On the surface, Mars Attacks! is memorable on pure shock value alone, but knowledge of alien movie history is necessary to fully appreciate what Burton was going for with it. More specifically, Burton’s long-standing appreciation for the work of B-movie schlock king Ed Wood. Burton has frequently cited the much lambasted Wood as an influence, with Burton’s last movie before Mars Attacks! being his 1994 Ed Wood biopic. With a firmer understanding of history, I eventually came to fully appreciate that Burton made a contemporary Ed Wood movie in Mars Attacks!

Wood’s masterpiece of low-budget, crummy effects and clumsy filmmaking in Plan 9 From Outer Space is often cited as among the worst movies ever made, yet Burton brings the same tone and distinctly ’50s feel to Mars Attacks! Burton’s flying saucers are CGI rather than paper plates, but the Martians and the world of Mars Attacks! are right out of an Ed Wood movie, right down to the U.S. Army’s clearly ’50s-era military uniforms. It might seem a little on the simplistic side to summarize Mars Attacks! as an Ed Wood movie with actual money behind it, but Burton’s wacky, whimsical sci-fi black comedy exudes the DNA of Ed Wood from start to finish.

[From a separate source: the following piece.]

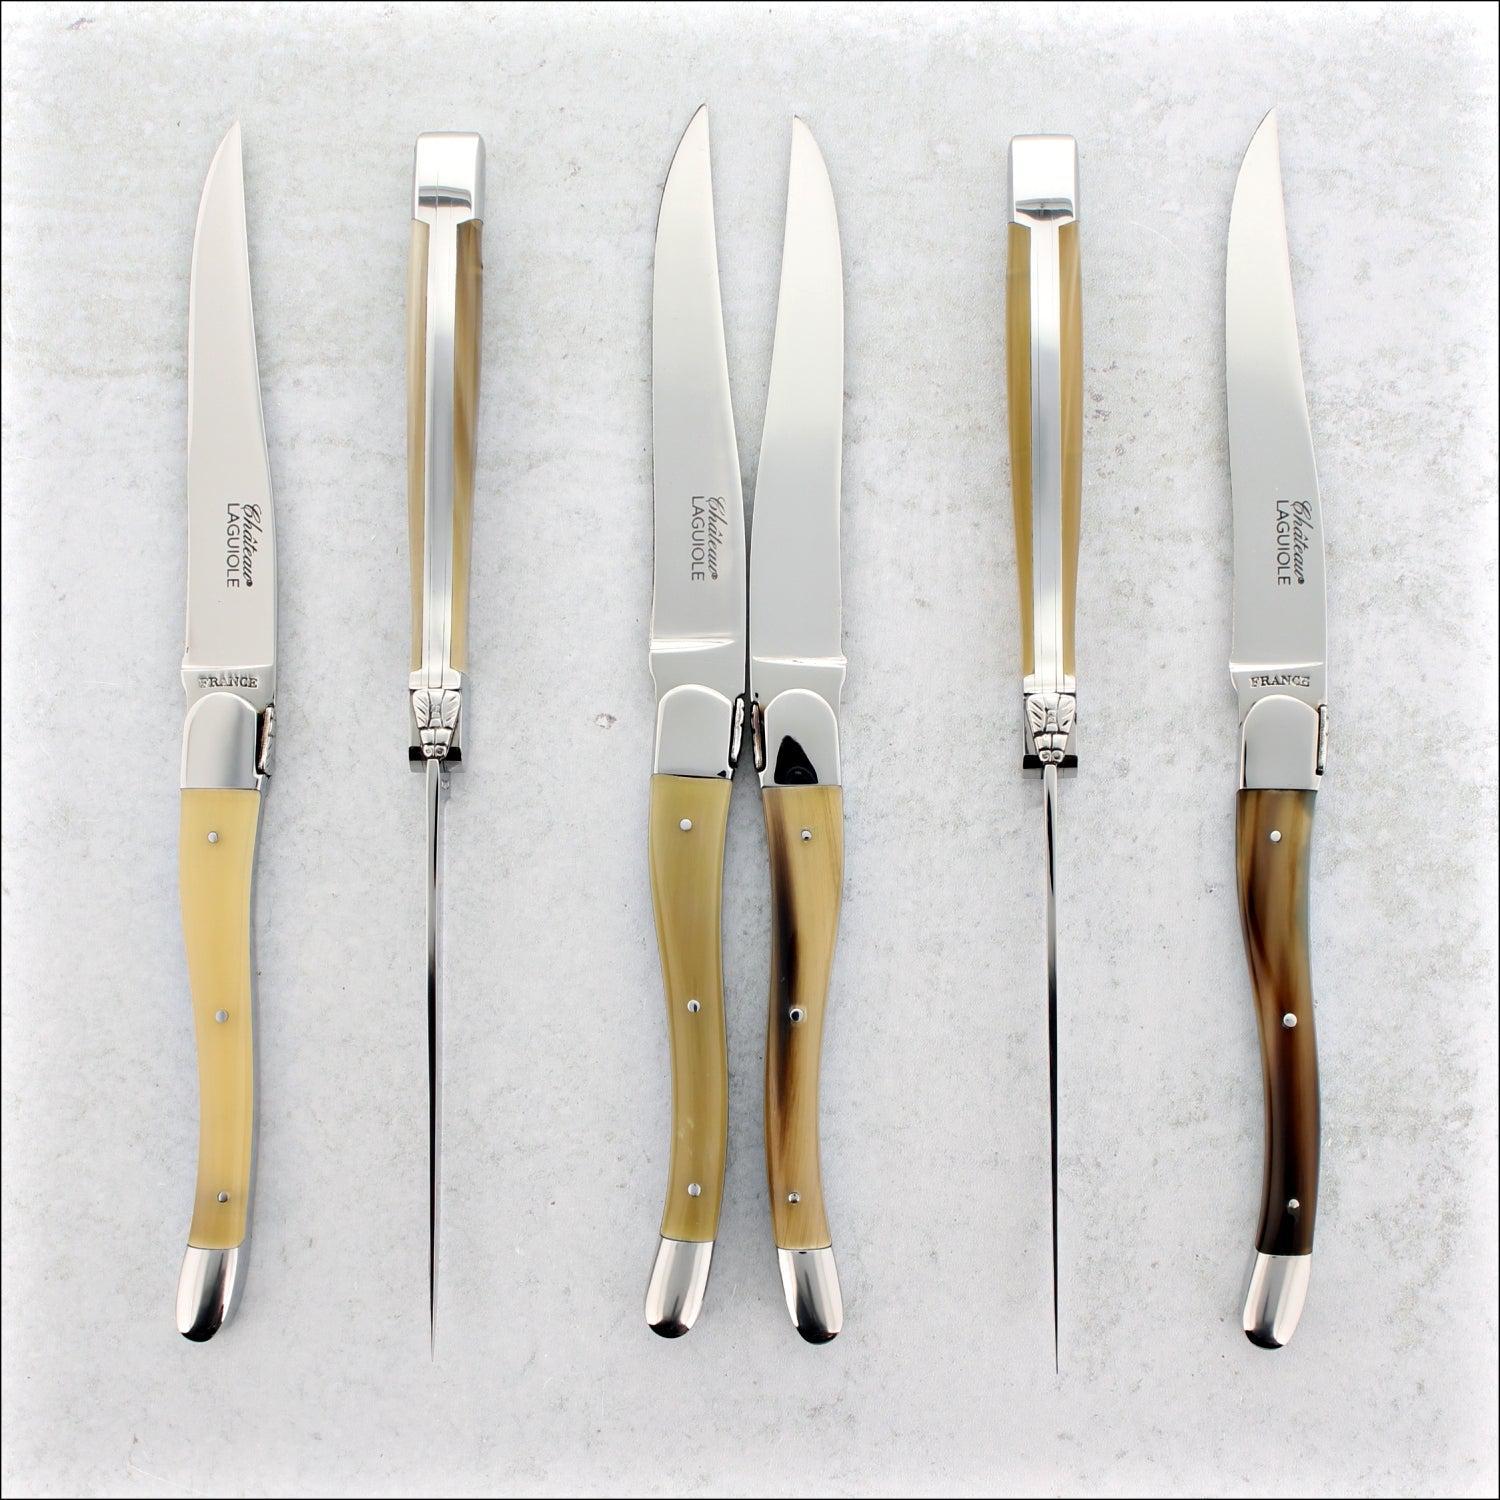 https://www.laguiole-imports.com/cdn/shop/files/Chateau-Laguiole-Signature-Steak-Knives-Horn-Tip-Shiny-Finish-Chateau-Laguioler-Made-in-France-2.jpg?v=1704104794
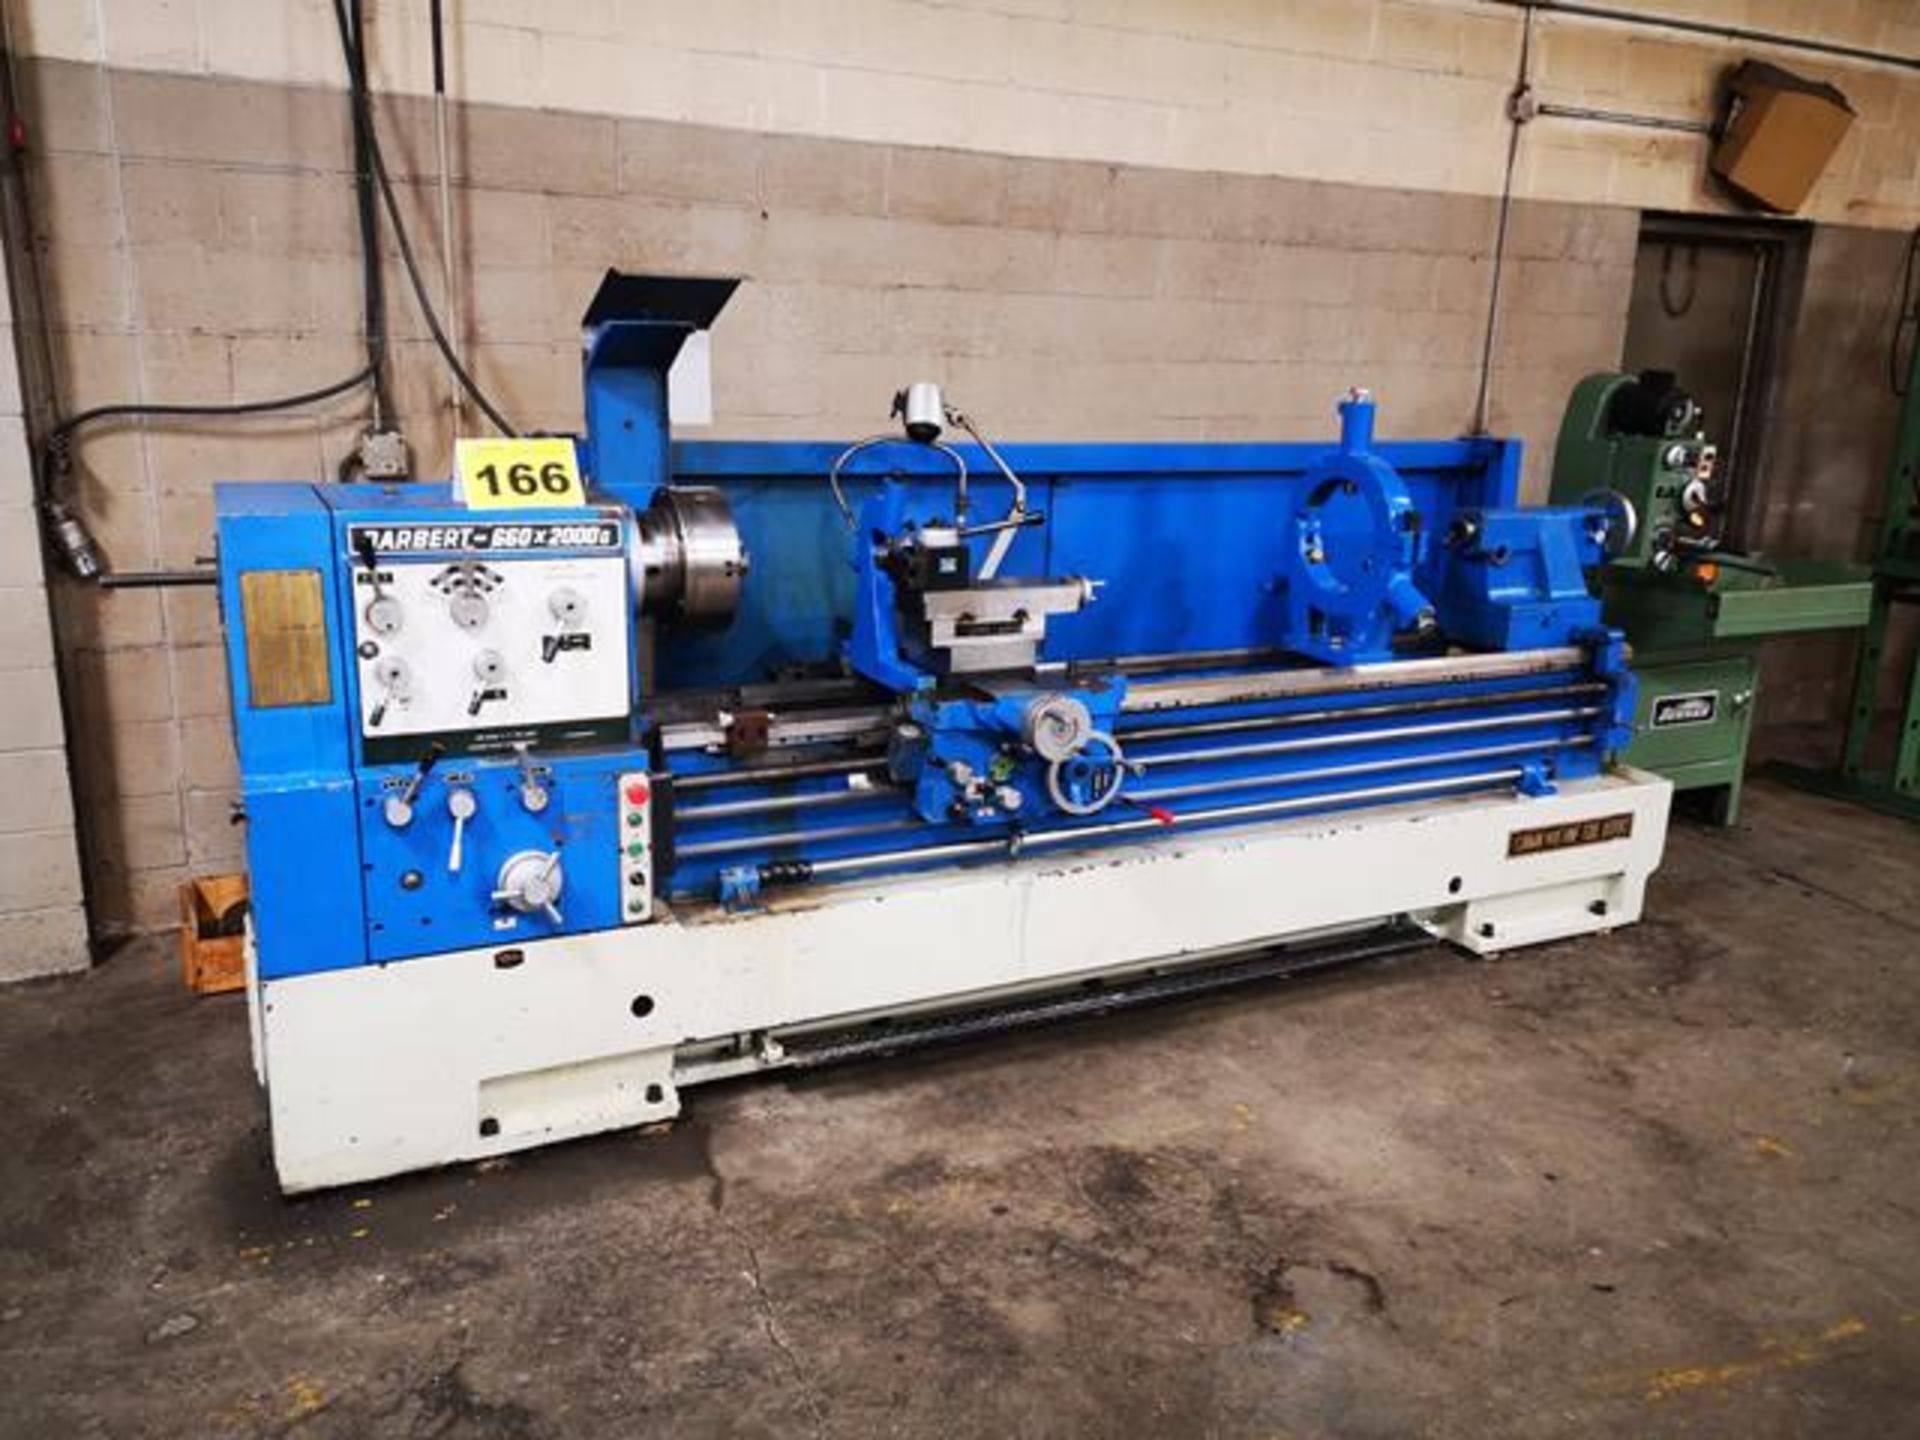 DARBERT, 660MM X 2000MM, GAP BED ENGINE LATHE, 10 HP, 3" SPINDLE BORE, 26" SWING, 80 INCHES

Tim Burton is often boiled down to being Hollywood’s premiere goth filmmaker, a storyteller whose sensibilities align with the dark tales of Batman, Betelgeuse, Wednesday Addams, and Jack Skellington like few others do. However, Burton seldom gets the credit he should as a director adept at really taking audiences by surprise, a skill he flexes to tremendous effect in Mars Attacks! As a child, Burton’s decision to lay such indifferent waste to his own ensemble cast and much of humanity in Mars Attacks! took me aback like few movies had. In hindsight, I can confidently call Mars Attacks! easily Tim Burton’s most underrated movie, a Psycho-style parlor trick of keeping the audience on their toes for which big A-lister will unexpectedly die next wrapped in the B-movie fun of an Ed Wood film.